Besides Hugo’s default Markdown renderer Goldmark, there’s also support for other content formats including Pandoc. Theoretically. In practice, I can’t get the snap version of Hugo to use the Pandoc binary. The error message is not overly helpful either:
Building sites … ERROR 2019/12/20 14:15:42 pandoc not found in $PATH: Please install.
Leaving pandoc content unrendered.
I think this is due to the strict security model of snaps (confinement). Installing the Hugo snap in --classic mode is not an option either.
If Pandoc were packaged as a snap, too, then it could offer an appropriate slot that other snaps including Hugo could plug into. But since this is not the case, I wonder if it wouldn’t be best if the snap package just included its own copy of the Pandoc binary (and maybe Asciidoctor and RST, too)?
The error message is very helpful. $PATH is the directory you are in when you type and run hugo. So if pandoc does not work in that directory, it can’t be found. I don’t want to go to search now, but if you type which pandoc (and I assume you are on Linux) what comes up? If it’s some exotic place you could do a symlink to /usr/bin/pandoc and it would be in the path. If it is not found you probably have it installed somewhere via npm or yarn and the bin path of that tool needs to be in your path. They (npm, yarn) typically have a page in their documentation about “putting it in the path”.

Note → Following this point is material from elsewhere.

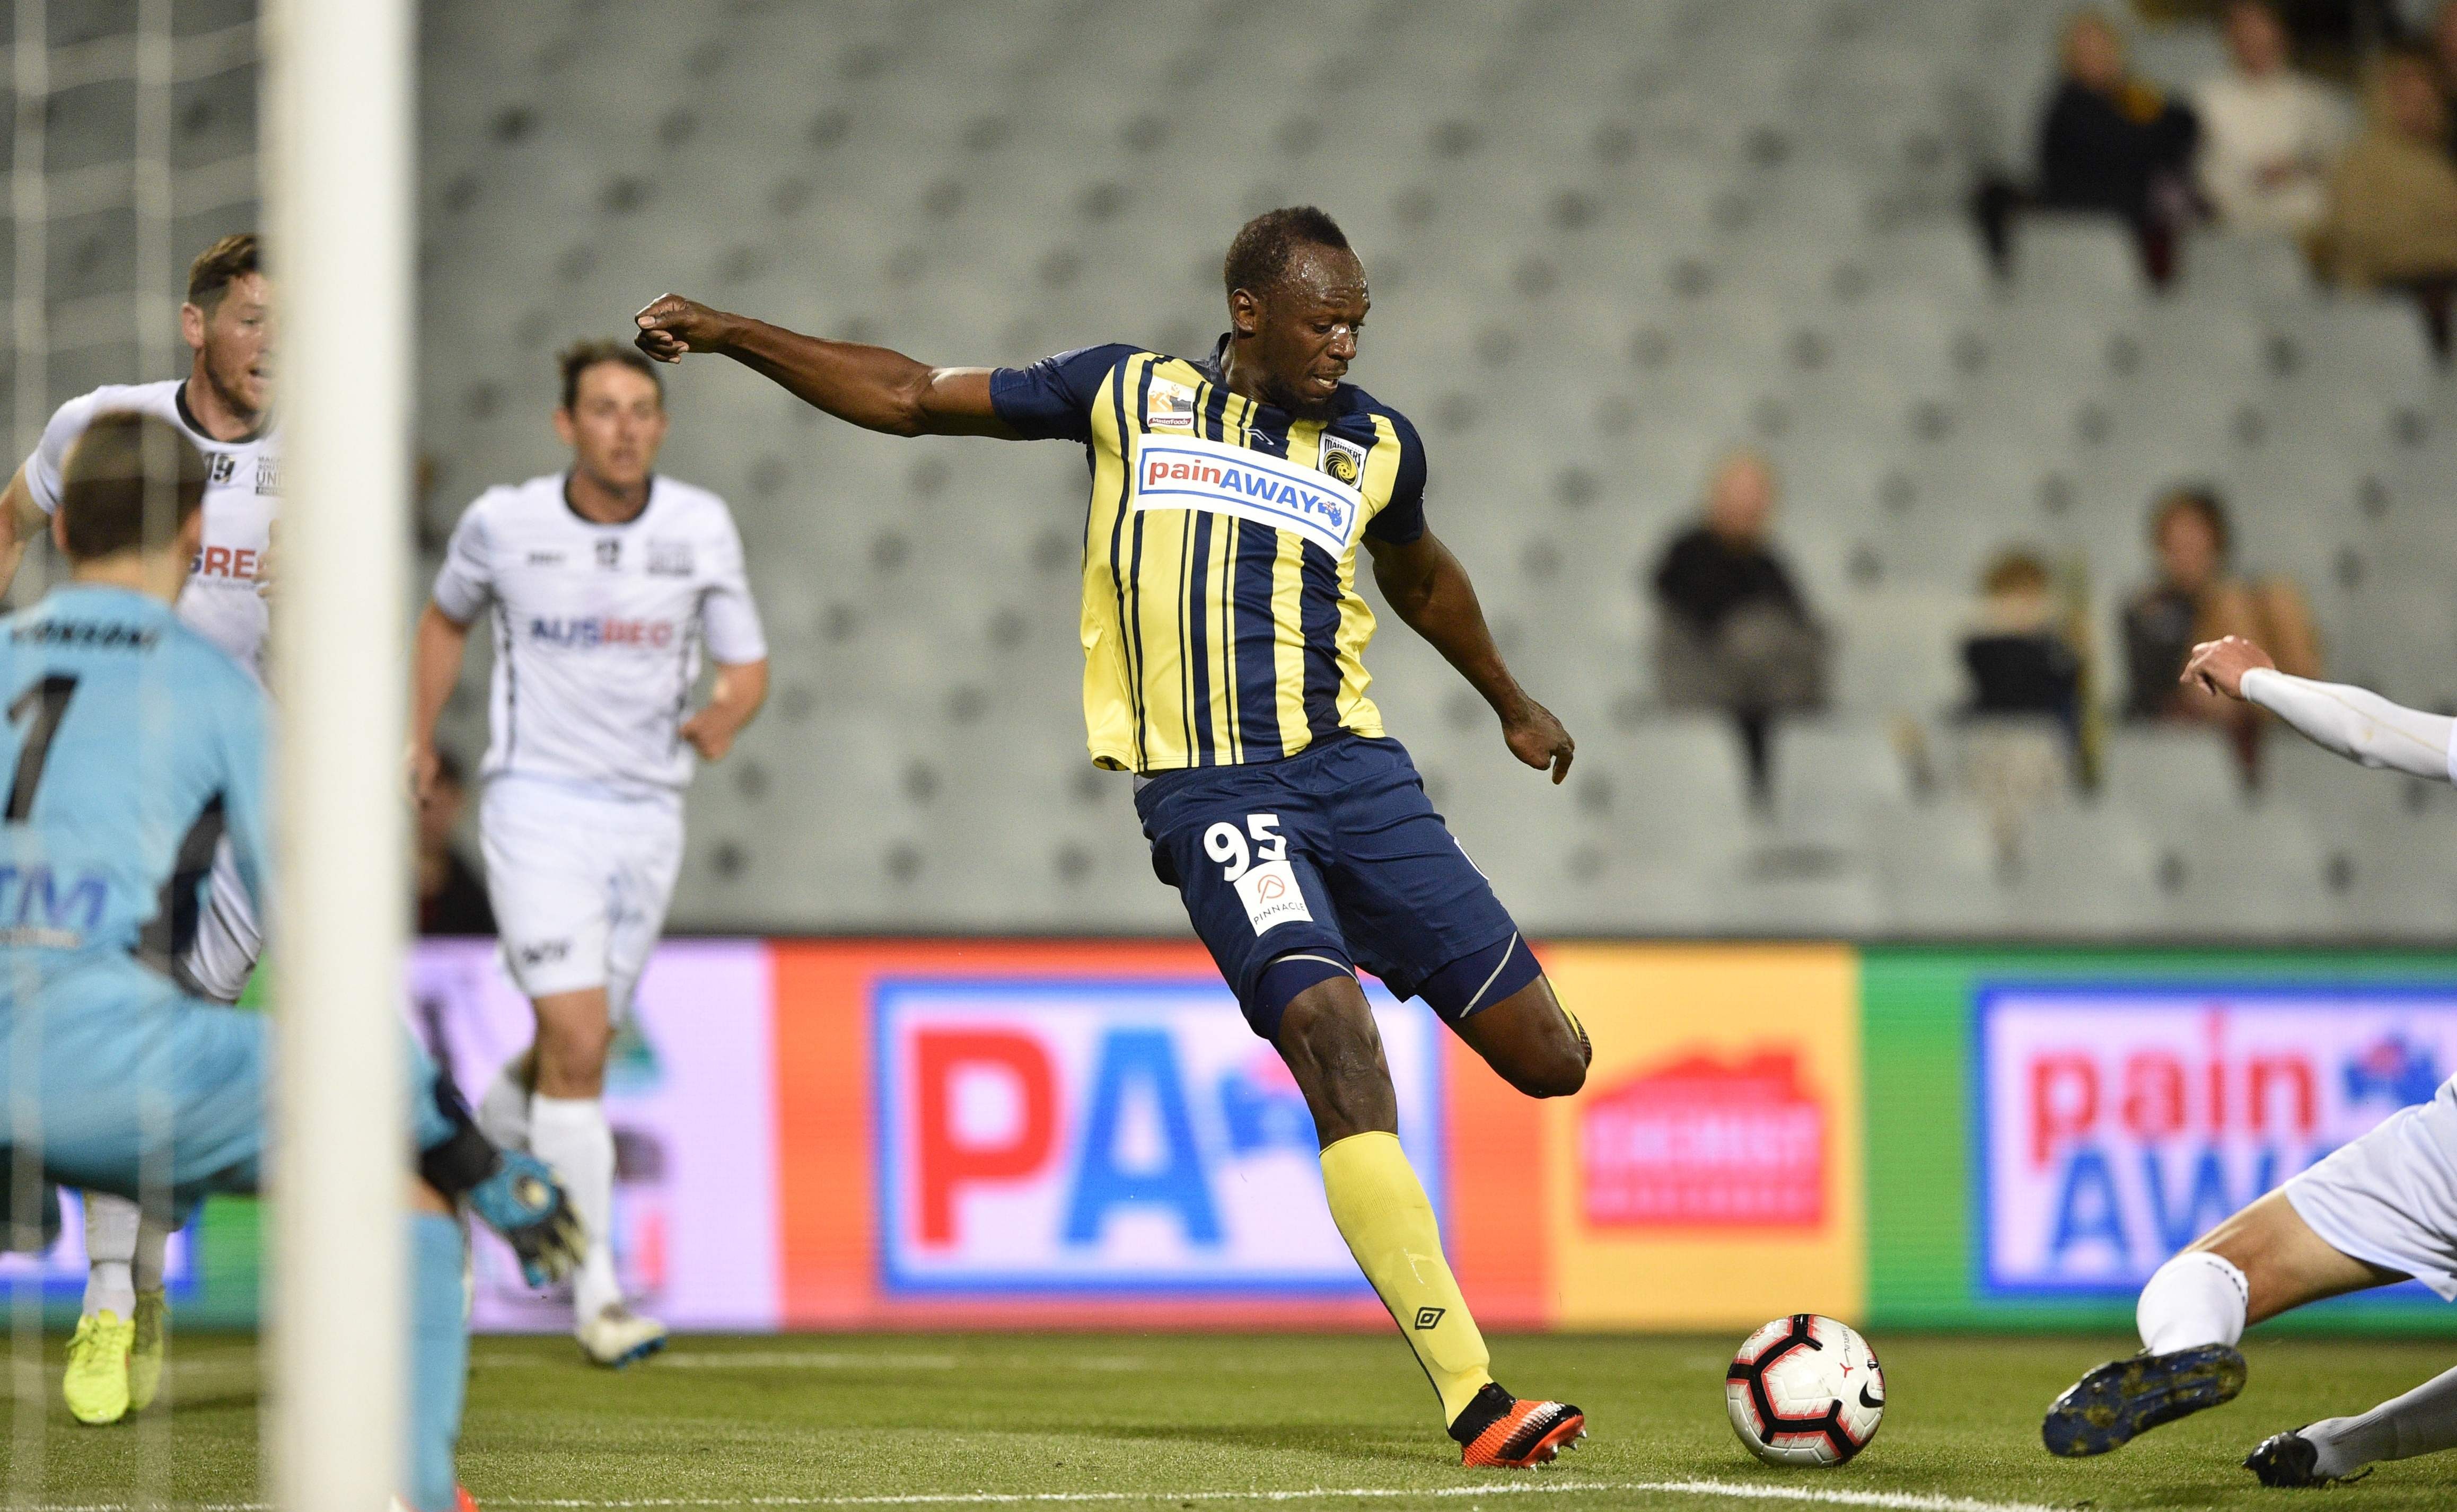 Olympic sprinter Usain Bolt (centre) played for A-League side Central Coast Mariners as part of a trial and grabbed two goals. Photo: AFP

The easiest might be to install pandoc locally into your repository. Might work out of the box then.
And my whole answer needs to be read with the knowledge, that I don’t know what pandoc is or how it’s installed to your computer.
No, it’s not. It implies the cause of the problem is that Pandoc can’t be found in $PATH and thus is completely agnostic about the additional confinement imposed on snap packages.

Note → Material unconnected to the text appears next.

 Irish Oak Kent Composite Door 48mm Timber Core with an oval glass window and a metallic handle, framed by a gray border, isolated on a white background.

if you type which pandoc (and I assume you are on Linux) what comes up?
Pandoc is installed in /usr/bin/pandoc on my system (I’ve installed in through the official DEB package; I’m on Ubuntu 16.04).
The easiest might be to install pandoc locally into your repository. Might work out of the box then.
Even if that worked, I wouldn’t like such a workaround at all (duplicating the Pandoc executable for every Hugo site).
Well then install Hugo without using Snap. You complain about a Snap security feature here, not about a Hugo bug. Download Hugo as deb-package and install the same way you install the tools. You will complain about the now missing auto-update on new Hugo versions though. I solved this by watching new releases on the Hugo Github page.
What probably would work is putting the binaries into a repository and use that as module for all your website repos. But that’s even worse manageable in regards to updates and versions.
You complain about a Snap security feature here, not about a Hugo bug.
Well, as I see it I complain about a bug that’s specific to the Hugo snap package. Right now it seems impossible to use an official Hugo feature, namely rendering other content formats, with the snap version of Hugo.
As far as I understand it, the author of the Hugo snap package has means to solve this problem by either
offering a version with classic confinement so that users could opt-in to go without the additional security of strict confinement for the benefit of a working Pandoc/Asciidoctor/RST support.
shipping its own copies of the Pandoc/Asciidoctor/RST binaries and not changing anything regarding confinement. I guess this would be my favoured solution.
I solved this by watching new releases on the Hugo Github page.
That’s a quite creative interpretation of the term “solution”…
shipping its own copies of the Pandoc/Asciidoctor/RST binaries and not changing anything regarding confinement. I guess this would be my favoured solution.
The problem is, that this would increase the size of the Snap package massively if all extensions would be included. It makes more sense to write the documentation so, that the deficiencies of the Snap package become clear. The way I see it now all default features are included. If one needs more, they need to install a different version.
I remember in the release notes when @bep released the hugo-extended version the first time he went into depth on this topic.
Not sure about the classic method. If that is a feature that stays within Snap then this might be the better solution for these this specific cases. (my opinion)
Yes. But this is to some degree inherent to the security model of Snap, Flatpak and Co. They don’t share (and thus don’t need access to) system ressources as (much as) classic software packages do for the price of significantly increased storage space requirements.
Maybe the snap version that would ship the mentioned external binaries could be offered in a separate track?